Al contemplar con fervor y humilde discernimiento, en espíritu de oración, el ícono del Bautismo del Señor, distinguimos, reconocemos y somos testigos del misterio de la Santísima Trinidad y la perfecta revelación de Dios en la persona divino-humana de Jesucristo. Así, el ícono de la “Manifestación del Señor en el Jordán” o “Teofanía”, describe precisamente esa “apertura de los cielos”, en la cual el Espíritu Santo, en forma de paloma, irradia y revela la disposición divina sobre el Nuevo Adán (I Corintios 15, 45), Jesucristo, Hijo de Dios encarnado, Quien, con Su bautizo en la Cruz, habrá de lavar los pecados del mundo (Hebreos 9, 14; Romanos 6, 3-4; Colosenses 2, 12,14).
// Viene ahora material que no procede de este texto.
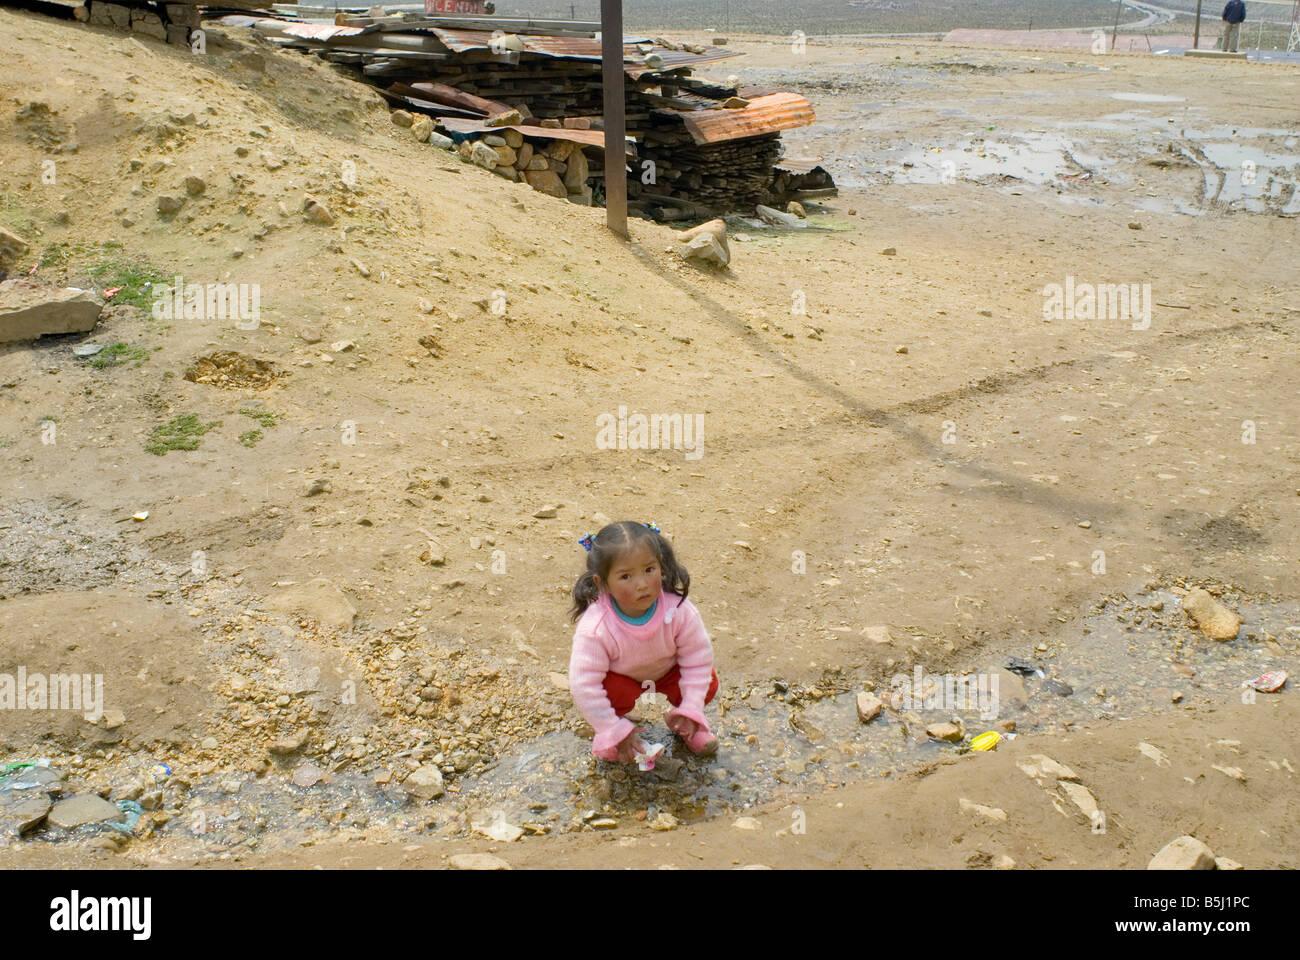 Szene in der Kleinstadt Morococho Peru Stockbild
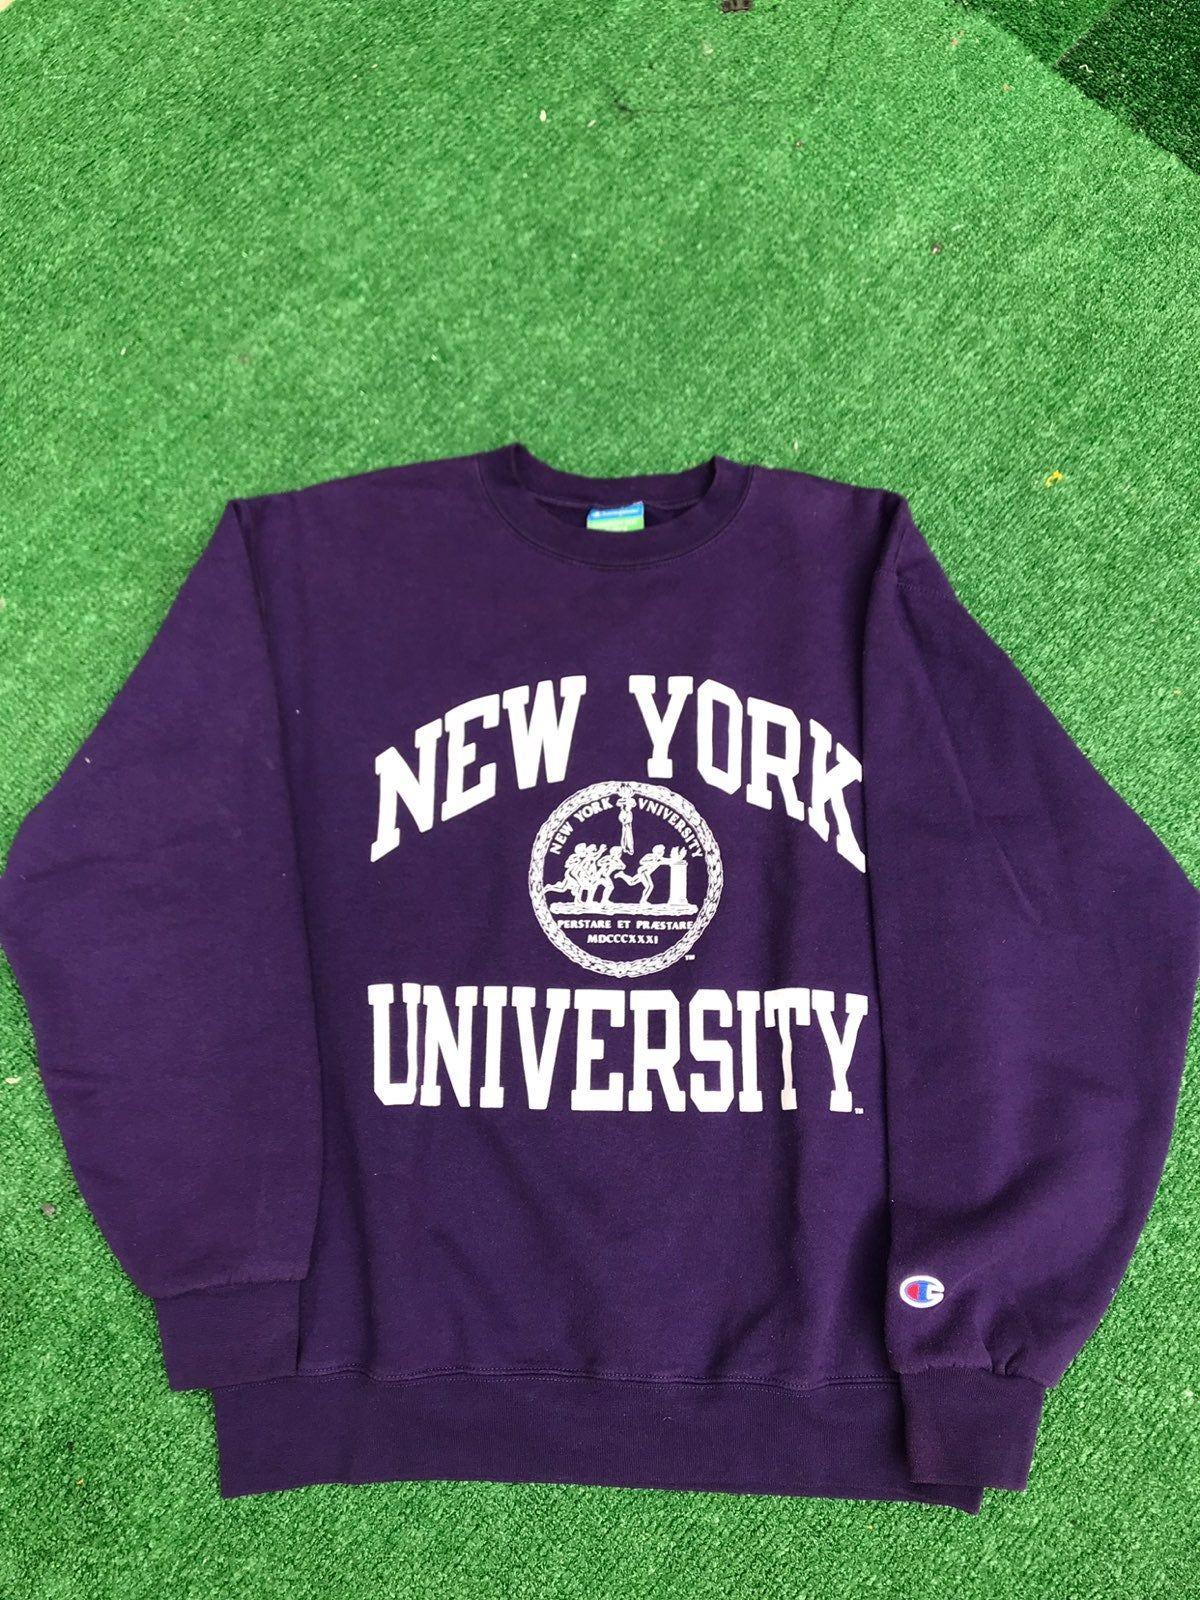 Nyu Champion Crewneck Sweatshirt Sweatshirts College Sweatshirts Hoodie Nyu Sweatshirt [ 1600 x 1200 Pixel ]

Siendo bautizado, Cristo el Señor hace posible la manifestación de la Santísima Trinidad, Quien declara por medio de la voz del Padre: “Este es Mi Hijo amado, en Quien me complazco” (Mateo 3, 13-17).

La manifestación del Espíritu Santo en forma de paloma, descendiendo en y sobre Dios Hijo certifica que Cristo porta el signo de la presencia del Espíritu, “siendo la manifestación de Dios y, al mismo tiempo, Quien la hace posible, sujeto y objeto de la manifestación divina”. En otras palabras, dice el padre Andrei Scrima, “Cristo vino al mundo para que el Espíritu se pudiera manifestar de forma plena”, porque Cristo nace por obra del Espíritu, es portador del Espíritu y también Él obra por medio del Espíritu (Andrei Scrima, Biserica Liturgică, Editura Humanitas, Bucureşti, 2005, pp.167; 163).

De acuerdo a San Cirilo de Jerusalén, “El Jordán es el principio del Evangelio”, es decir, el inicio de la Buena Nueva y la aproximación del Reino de los Cielos, de la liberación de la oscuridad y de la evidencia de la presencia y la obra salvadora de Dios en el mundo.

La palabra “bautismo” (en griego, “sumergir”) significa, precisamente, un “baño”, una “inmersión”. Es decir, en clave teológica, el hombre renovado “por medio del agua del bautismo y de la palabra” (Efesios 5, 26), se vuelve la epifanía de Dios, porque “los que habéis sido bautizados en Cristo os habéis revestido de Cristo” (Gálatas 3, 27). “La gloria de Dios”, decía San Irineo, “es el hombre vivo, renovado para adquirir el conocimiento” (Colosenses 3, 10), y la vida del hombre es conocer a Dios. El hombre vivo es el hombre libre de pecado, quien, mediante “el baño de regeneración” (Tito 3, 5), “se ha lavado y ha visto” (Juan 9, 8-22) a Cristo, “el Sol que nace de lo alto” (Lucas 1, 78).

En conclusión, el Bautismo del Señor es el aval de nuestra renovación y de que hemos sido marcados por el Espíritu, de nuestro nacimiento “desde lo alto” (Juan 3, 3-7), “por la regeneración del Espíritu” (Tito 3, 5); es la muerte del hombre viejo, pero al mismo tiempo es resurrección, porque el descendimiento de Cristo a lo profundo del Jordán es un avance del descenso a los infiernos, que anuncia Su Resurrección de entre los muertos y la restauración y salvación del hombre.